The Hague Convention on Child Abduction
Japan is currently thinking about signing the Hague Convention on the Civil Aspects of International Child Abduction. It’s about time, too. Doing so would help Japan’s international reputation as a haven for thieves, kidnappers, gangsters and criminals of all types who happen to be Japanese. (The egregious case of outlawed former Peruvian President’s Alberto Fujimori’s lawless 2001-2005 asylum here comes to mind.) It also advances the case for the recognition and protection here of the human rights of both children and their parents. Not participating in the Convention calls into question Japan’s comprehension of who and what children are in the first place, of human rights in the second place, the due process of law in the third place, and its sincerity as a participant in the international world order in the fourth place.

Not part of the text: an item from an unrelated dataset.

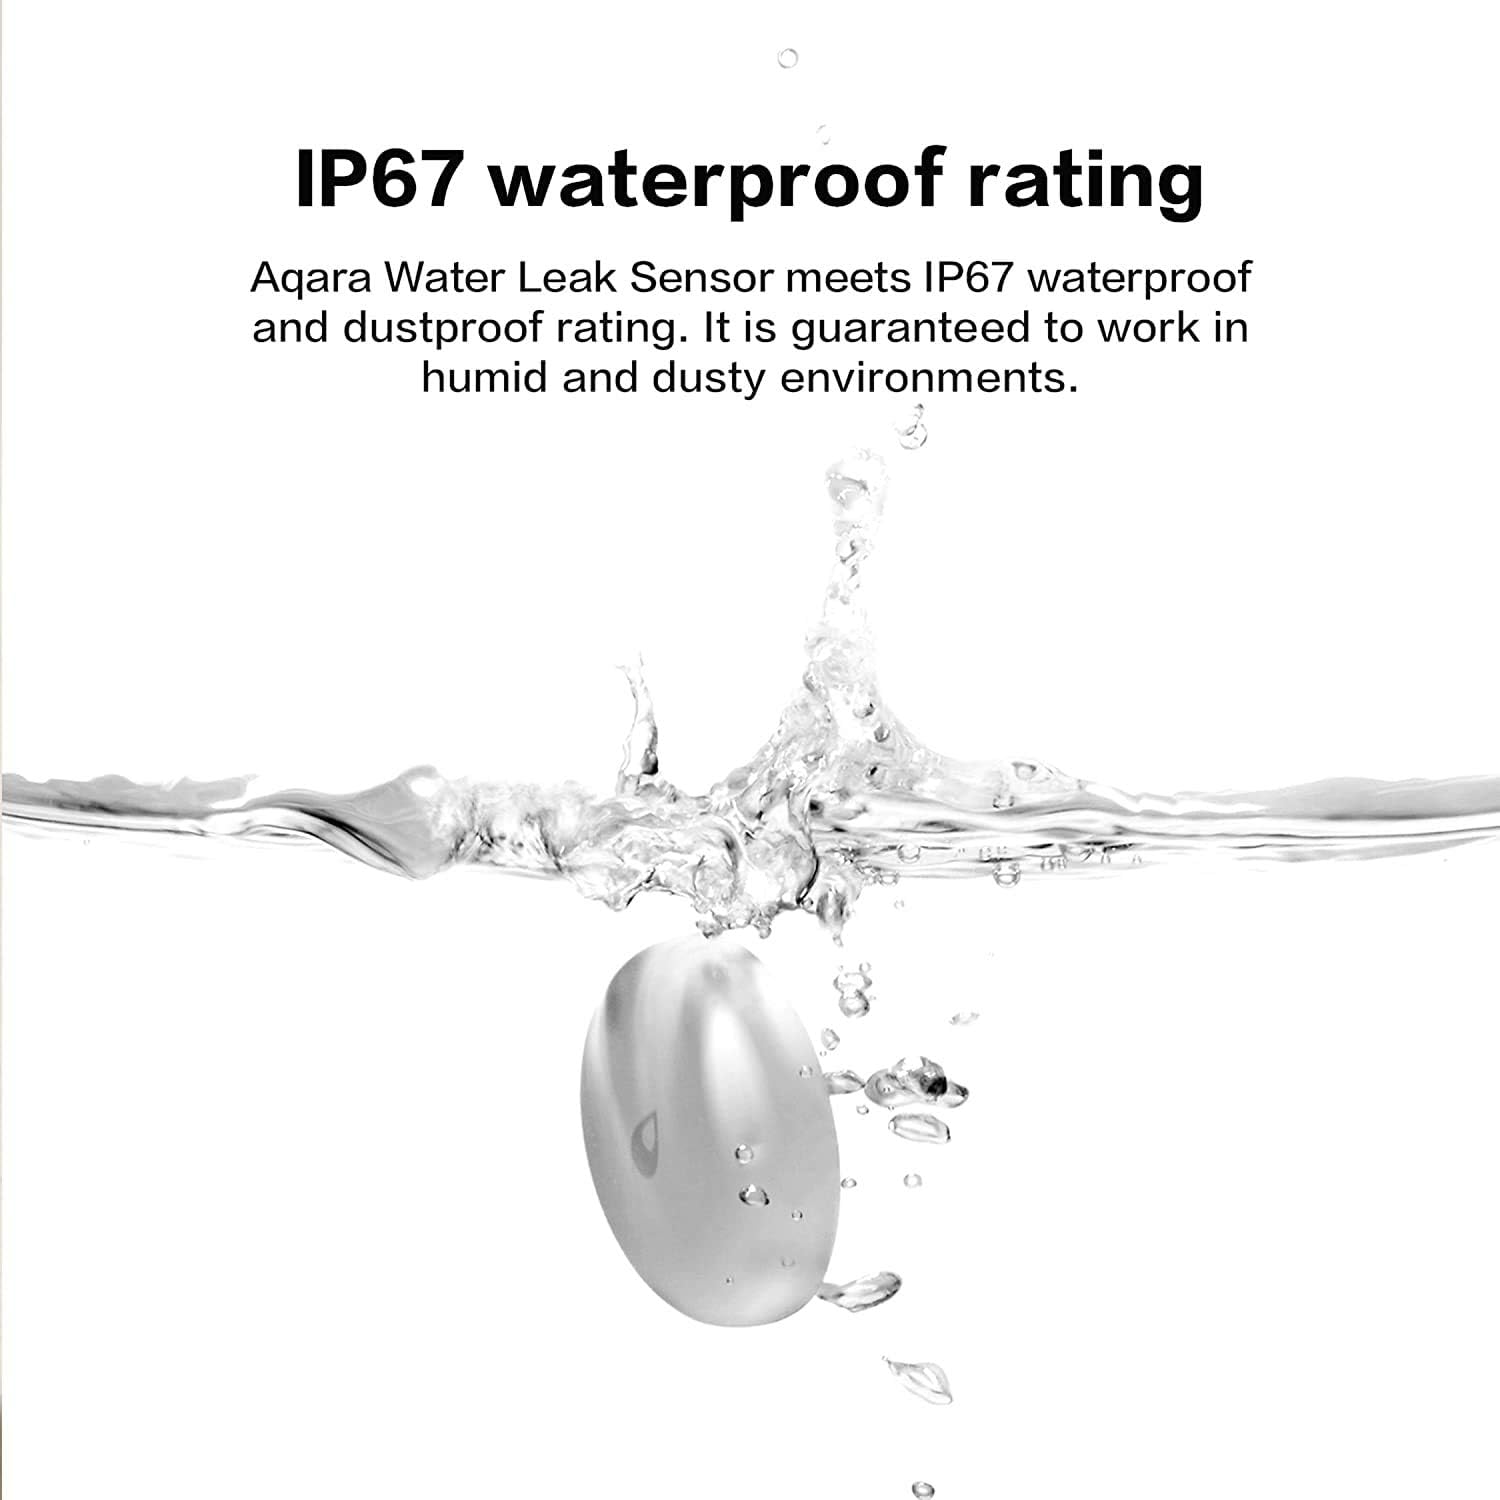 Cảm biến tràn nước Aqara Water Leak Sensor T1 WL-S02D, bản quốc tế, Zigbee 3.0, bản quốc tế, hàng chính hãng

But I feel concerned that the National Diet might amend the Convention’s enforcement protocol here in line with Japanese cultural conventions in such a way as to compromise the original intentions of the international agreement - intentions which demand extradition of abducted children to their original country of residence, and of the abducting parent to face criminal justice. Indeed, this process has already started by the Convention’s detractors in the form of repeated pleas to guard Japanese ex-spouses and children who are fleeing abusive foreign spouses. It is deliberate and disproportionate over-emphasis upon, and therefore distortion of the number and role of cases of abuse in order to alter the narrative. I’m talking about the ‘dangerous foreigner’canard - a persistent Japanese fetish - which is being played in an attempt to shield (mostly) outlaw Japanese mothers from Justice.
Following the International Convention on Child Abduction, it would serve Japan well to continue nurturing a legal culture that understands and relies on evidentiary proof in criminal proceedings - another thing that seems deficient.